WHAT IS NEEDED = Transcribe the listing below in full, exactly, with no images.

SUPPLIED DATA =
<<<<

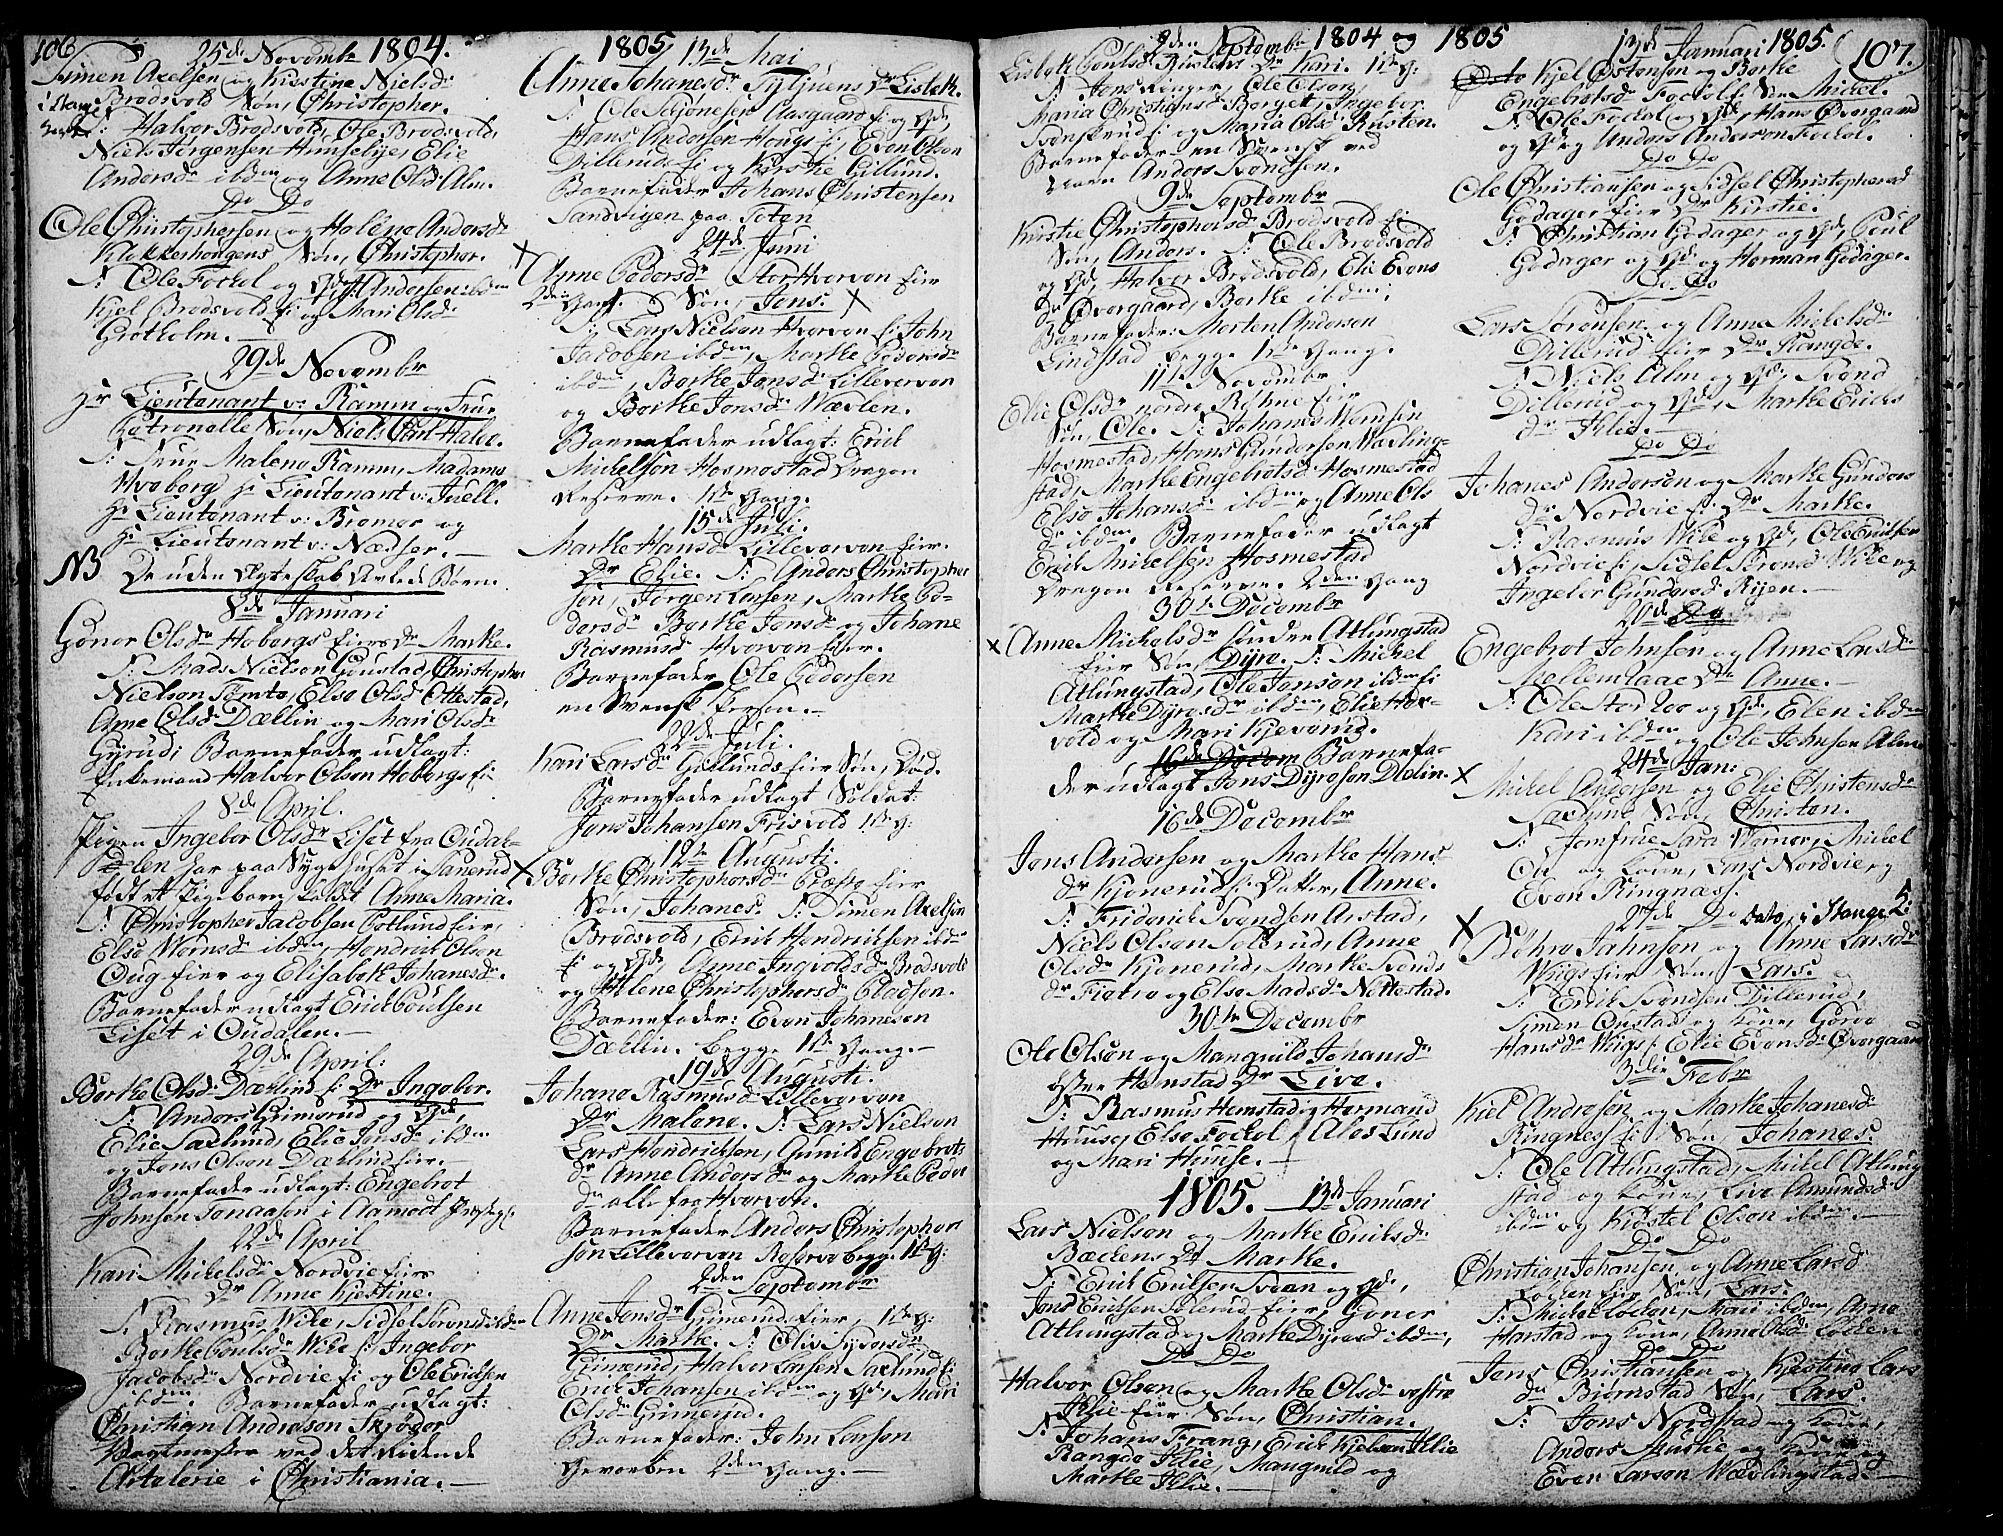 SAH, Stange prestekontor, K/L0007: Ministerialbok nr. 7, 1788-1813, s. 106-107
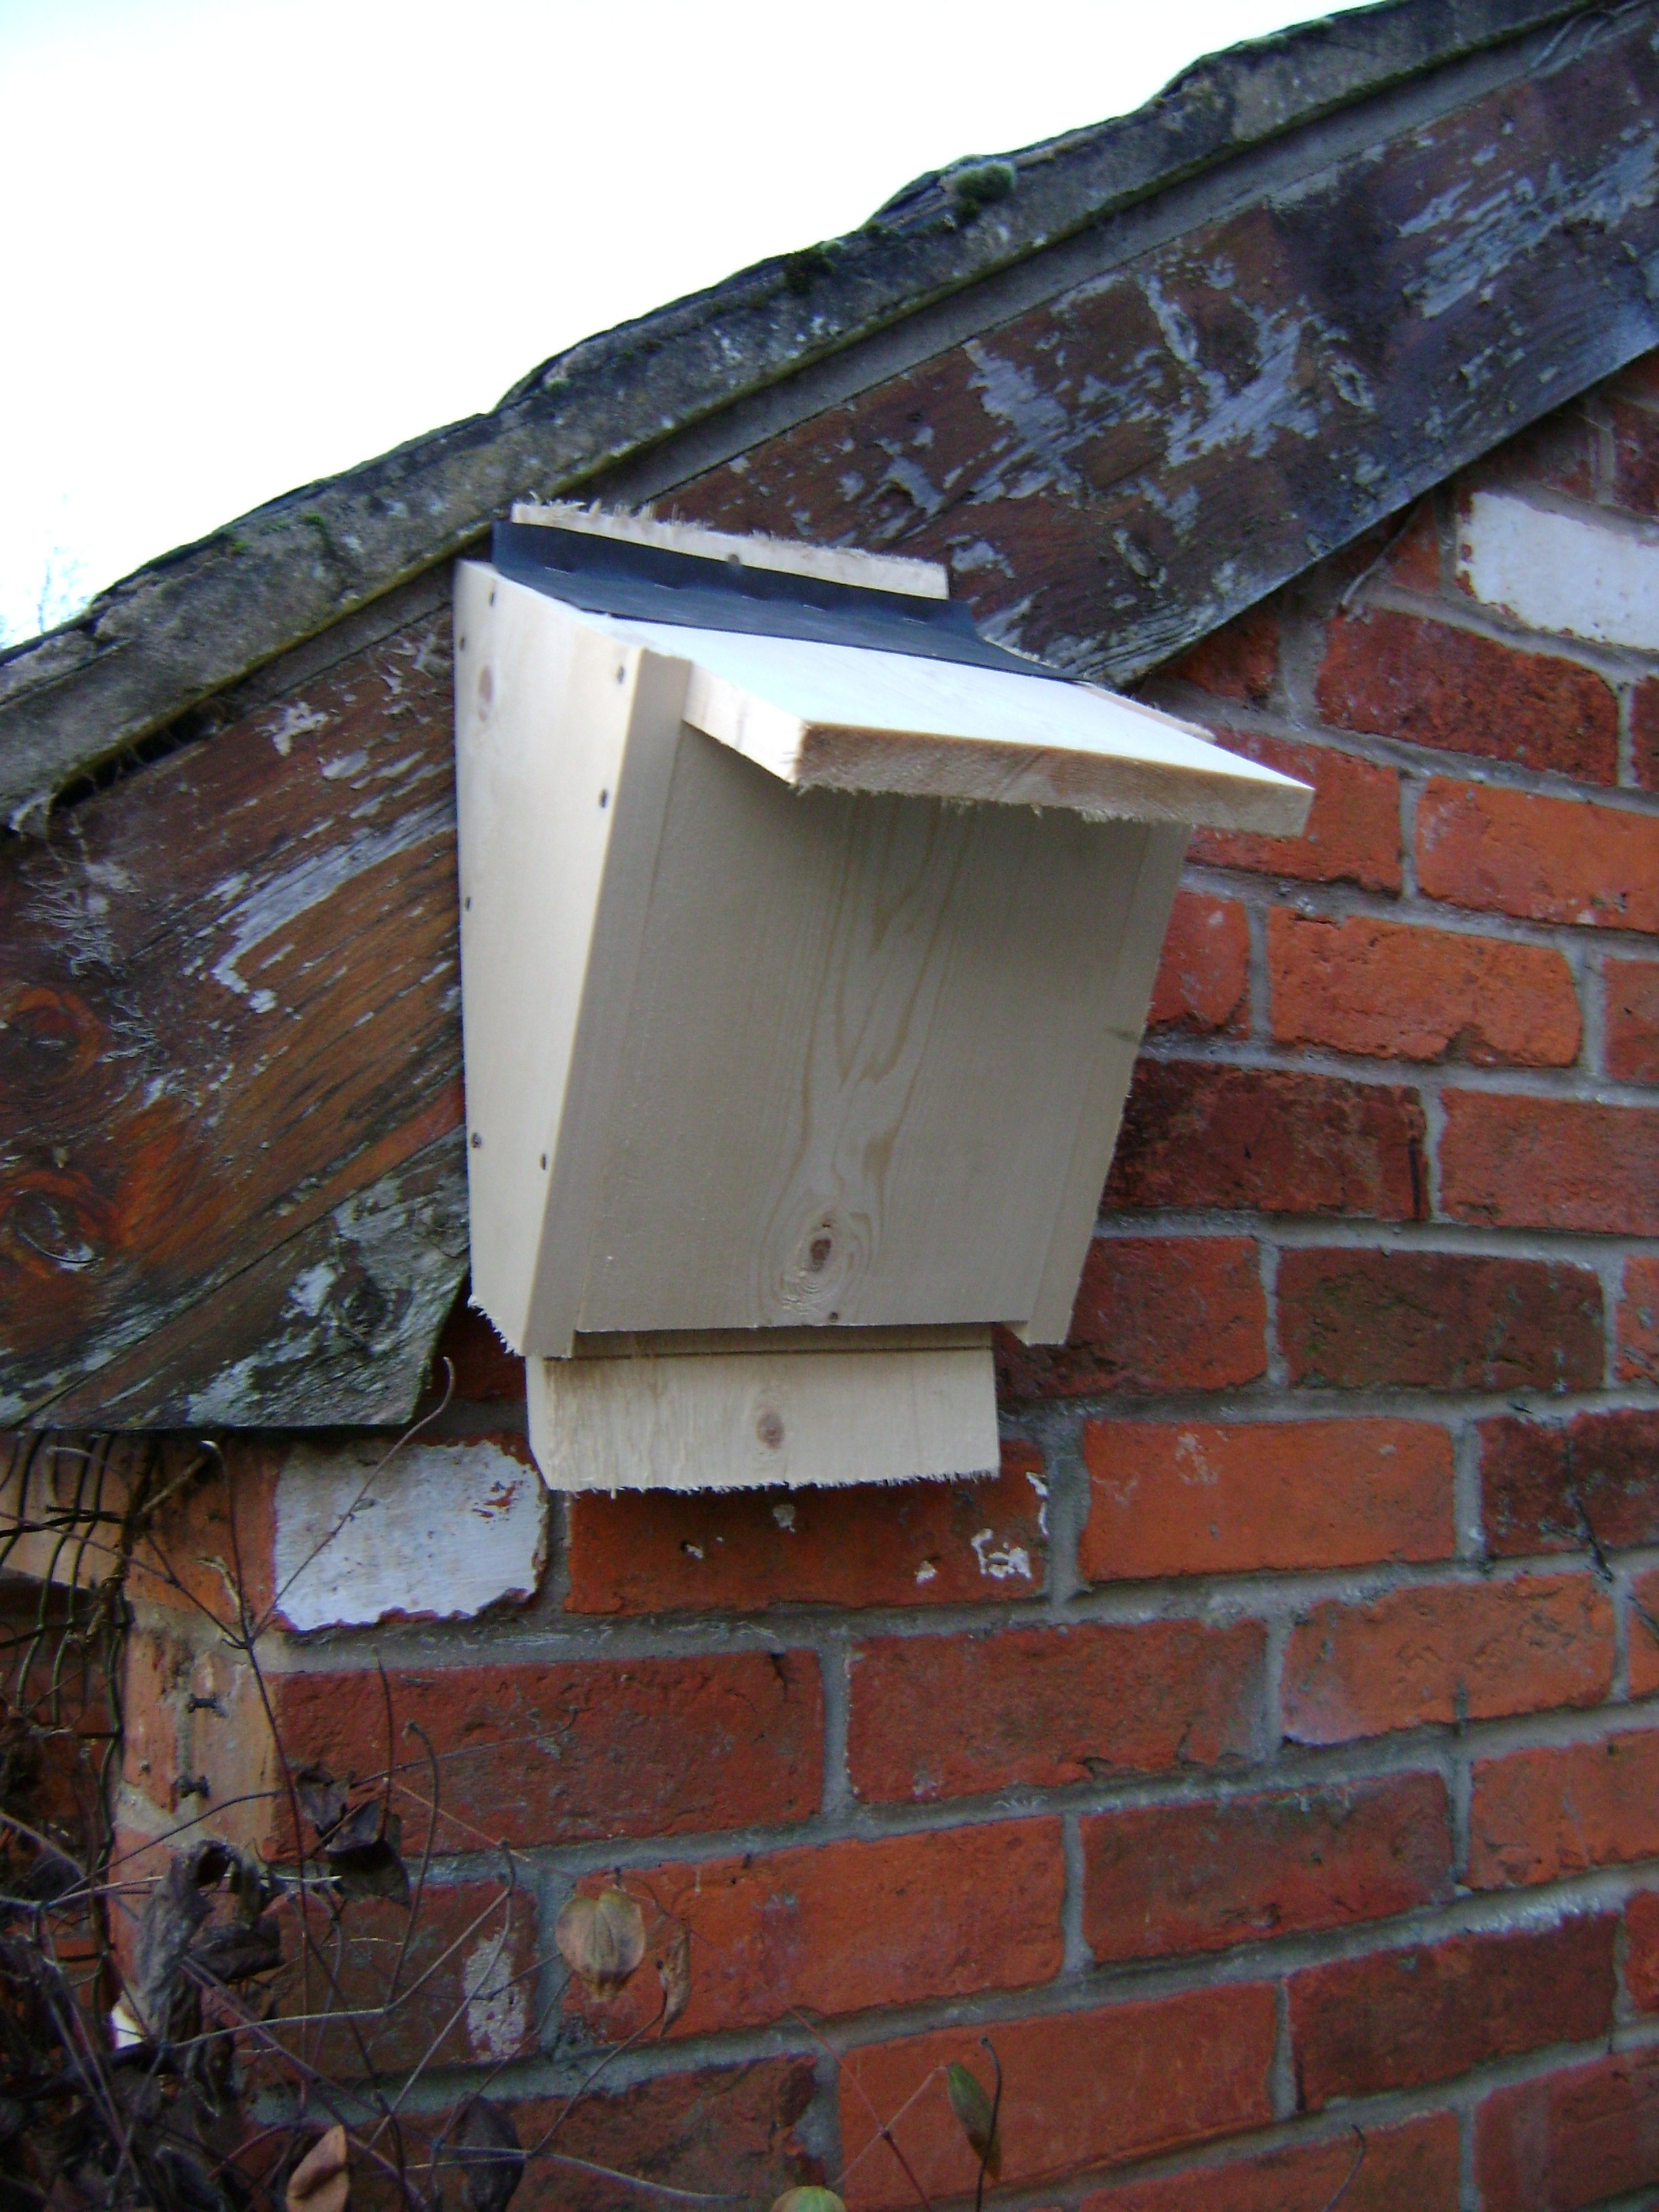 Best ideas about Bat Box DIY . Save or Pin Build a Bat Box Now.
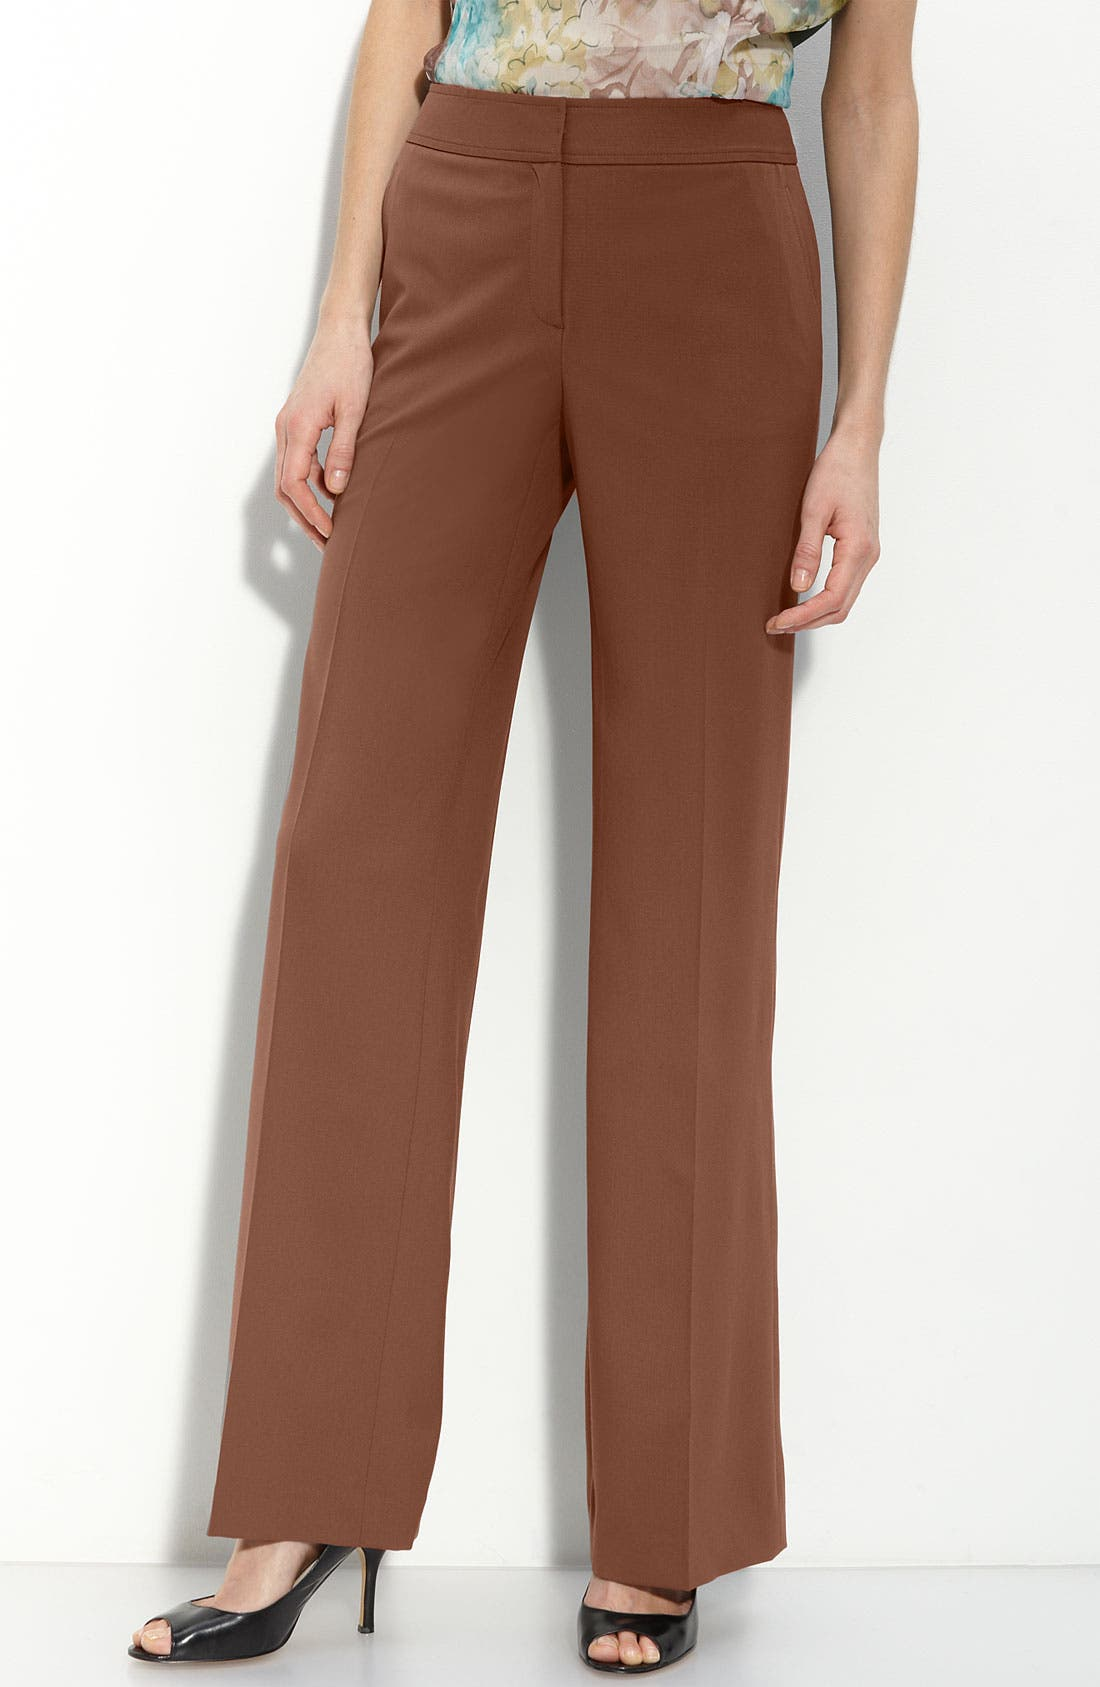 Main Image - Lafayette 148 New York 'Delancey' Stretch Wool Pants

>>>>

ANSWER TO THIS EXERCISE =
 SAH, Stange prestekontor, K/L0007: Ministerialbok nr. 7, 1788-1813, s. 106-107
 Best ideas about Bat Box DIY . Save or Pin Build a Bat Box Now.
 Main Image - Lafayette 148 New York 'Delancey' Stretch Wool Pants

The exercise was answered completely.